Today, Le Monde has a
long article on the Institut Gustave Roussy, the main center for cancer treatment in France. It's an emotional rollercoaster to read it, but not as much as the
second article alongside it, which is about the center for children diseases within the Institute, where my son has spent quite a bit of time in the past 18 months. Our doctor, Jacques Grill, is interviewed, and I take this opportunity to salute him.
The Google translation of that article is oddly easy to understand, with an added note of poetry which is fitting, I think.
It concludes with the words I used in the title, a literal translation of "un pied de nez à la maladie" (thumbing your nose to disease).
Read it (I have copied the google translation below, with very slight edits), and don't forget to enjoy life.
Delicate treatment of the children and their families
One does not penetrate to the 9th floor of the Institute Gustave-Roussy (IGR) without a certain apprehension. Cancer is an unjust disease, but when this injustice strikes children, the pain and the distress often exceed the words. The department of pediatry is however all but a sad place: the drawings of children paper the walls, the toys encumber the corridor, the families which discuss around a coffee, the service holds as much the place of life as of the unit of care. With a decency, like a reserve, which reigns here more still than in the remainder of the hospital.
First European center of paediatric oncology, the service accomodated nearly 1 900 children in 2005, consultation, hospital of day or for a prolonged hospitalization. Extremely rare diseases, cancers of the child are cured in 75 % of the cases, but this proportion is weaker with the IGR, which receives the most critical cases. Here, the assumption of responsibility of the child falls under the accompaniment of all the family. "Nobody can suppose in the way in which a relative can react vis-a-vis the disease , explains Doctor Olivier Hartmann, head of service. Some will be rolled, others between-will tear, but the majority will find resources extraordinary to support their child."
Often, the mothers force the respect. Like Veronique, mom of Tuanaki, arrived urgently from Tahiti with an inflated belly due to a very advanced tumour with the stomach. Engaged in a race speed with cancer, Tuanaki already followed two cures of chemotherapy, which it answered well. "the treatment must be fast to destroy the most tumoral cell , explains Veronique, by cherishing the head of his/her son. If all occurs well, we will be able to set out again in June." Very tired, the young woman does not let anything show through with her child. "It is necessary to be very patient for Tuanaki because the disease made irritable, him which was very câlin. And then, it suffers much from separation from with his father who had to go back to Tahiti for work."

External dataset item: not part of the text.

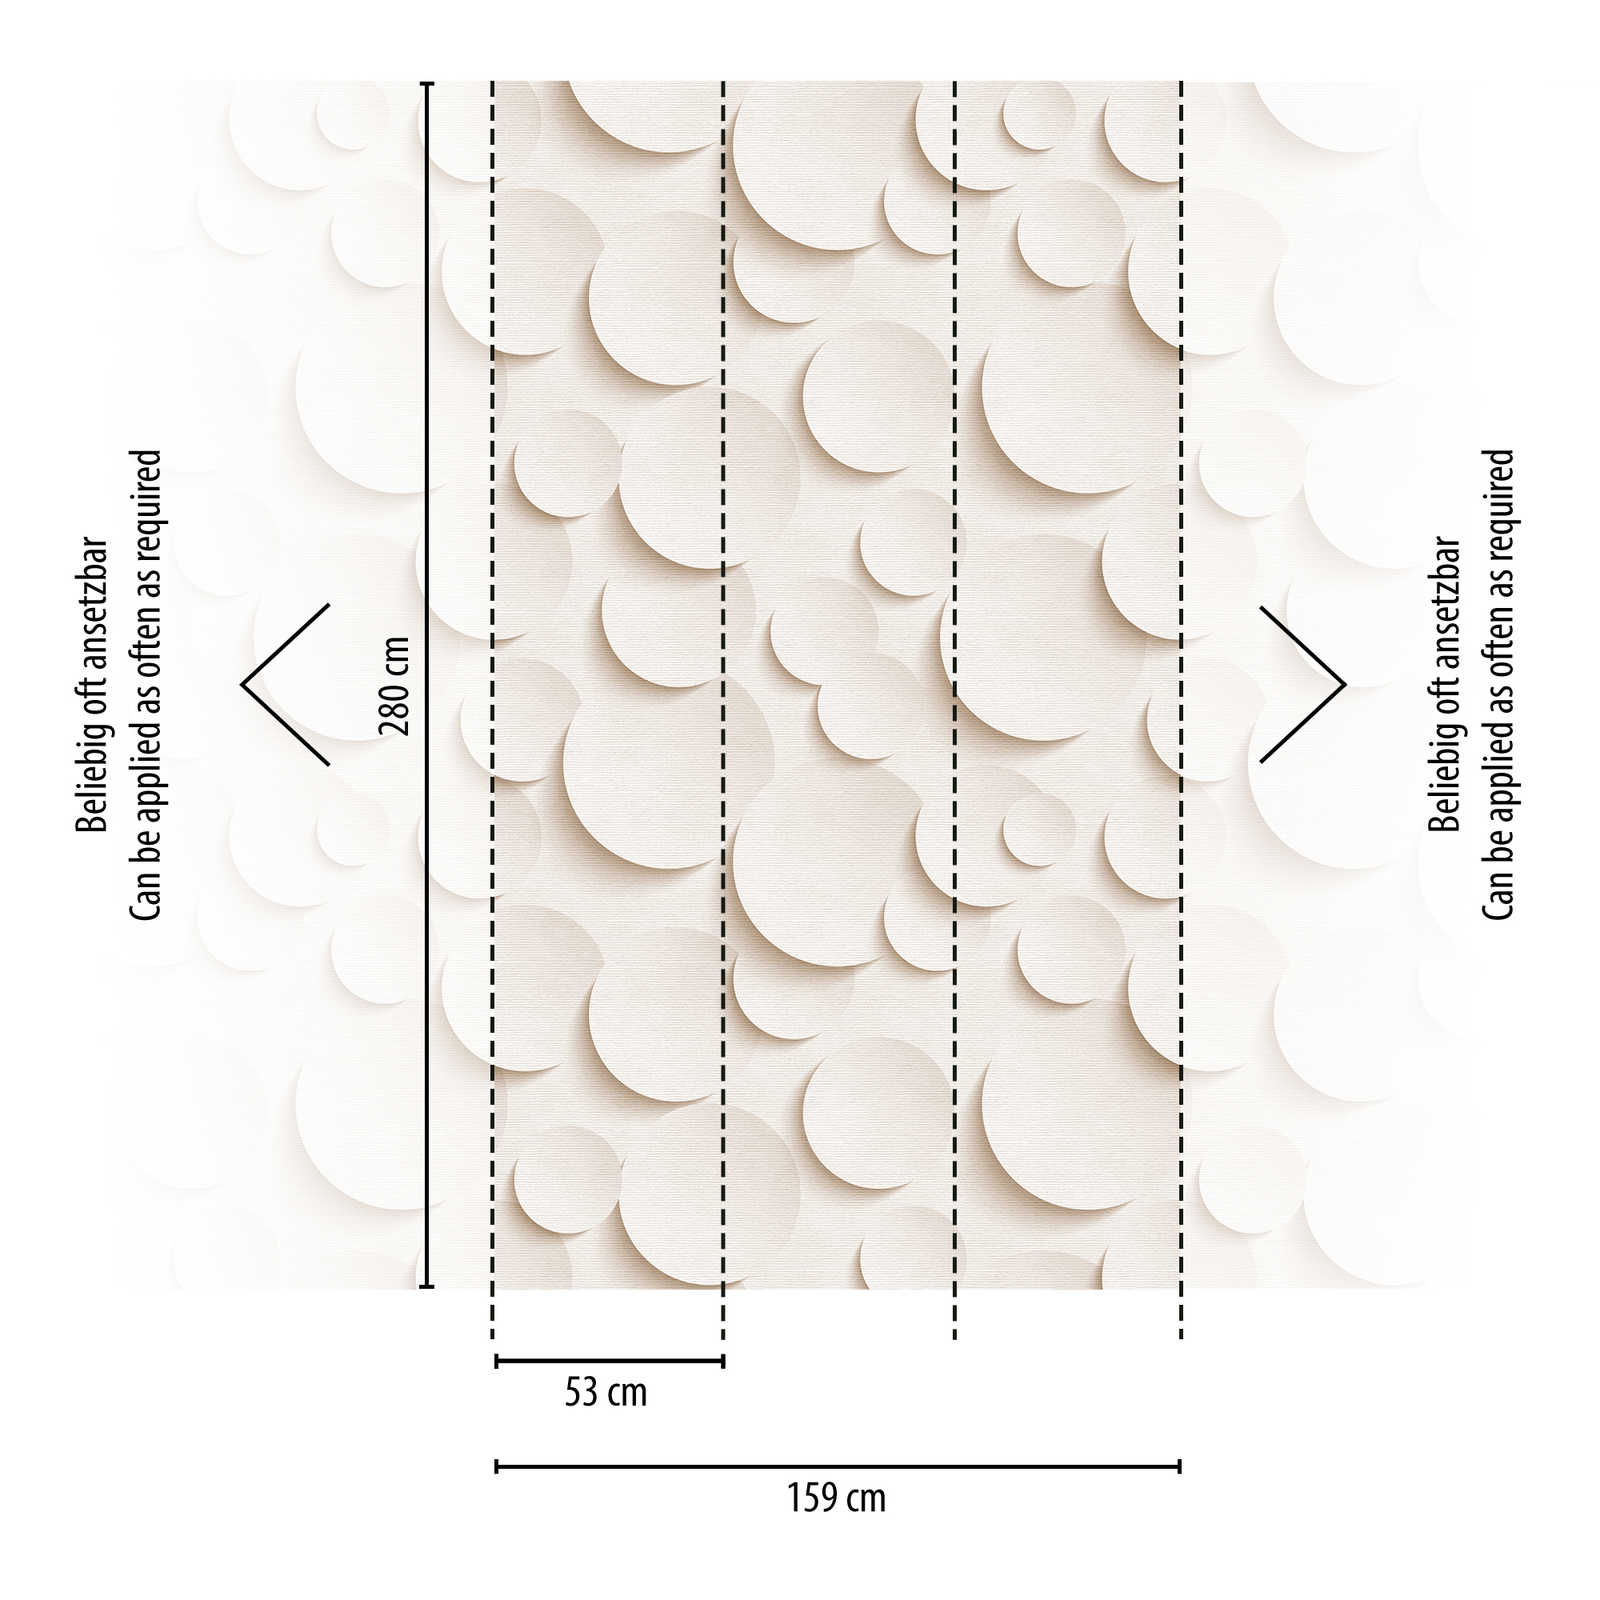             Wallpaper novelty - motif wallpaper 3D dots, plain with paper effect

The treatments, which last between four and eighteen months, upset the family lives deeply. It is necessary to be organized to take turns near his child, to face the financial problems thus generated. The team thus puts all works about it to decrease times of hospitalization and to make so that the children continue their residence treatment. " the parents must quickly know to locate the clinical signs and to learn with on taking care the treatments , explains Pascale Usubelli, head nurse. We share to the maximum our knowledge with them to decrease to them worry."
It is often impossible when the disease worsens. With an extreme delicacy, Doctor Jacques Grill, specialist in the cerebral tumours of the child, receive Damien and his parents in consultation. Damien A 24 years, has suffered for several years from a cancer become metastasic. For a few days, it has presented symptoms (crispations of the face, jumpings of the chin) which make think of an epilepsy. His/her father and his mother seek a reason not to despair. Jacques Grill does not hide to them that the new treatment "will be certainly long" . The atmosphere has the heaviness of lead. Damien flickers of the eyes. His/her mother takes the hand to him.
By contrast, the small patient who succeeds to him is a sunbeam. Kathleen, 3 years, small braids and air mutineer, has a tumour of less than 2 cm in diameter in the center of the brain, the not very evolutionary shape of cancer. No one would never have known anything of it if the tumour had not weighed on its pituitary gland, starting a beginning of puberty. In its case, there are nothing to make, Kathleen takes just a treatment which slows down its puberty.
" Today, it is super , smiles Dr. Grill, one does not want to annoy it with an intervention which could be dangerous. Its tumour will certainly not grow bigger and it will live normally with it." Kathleen hums a song while listening to it. It sets out again with bell-foot with its mom, like a splendid foot of nose to the disease.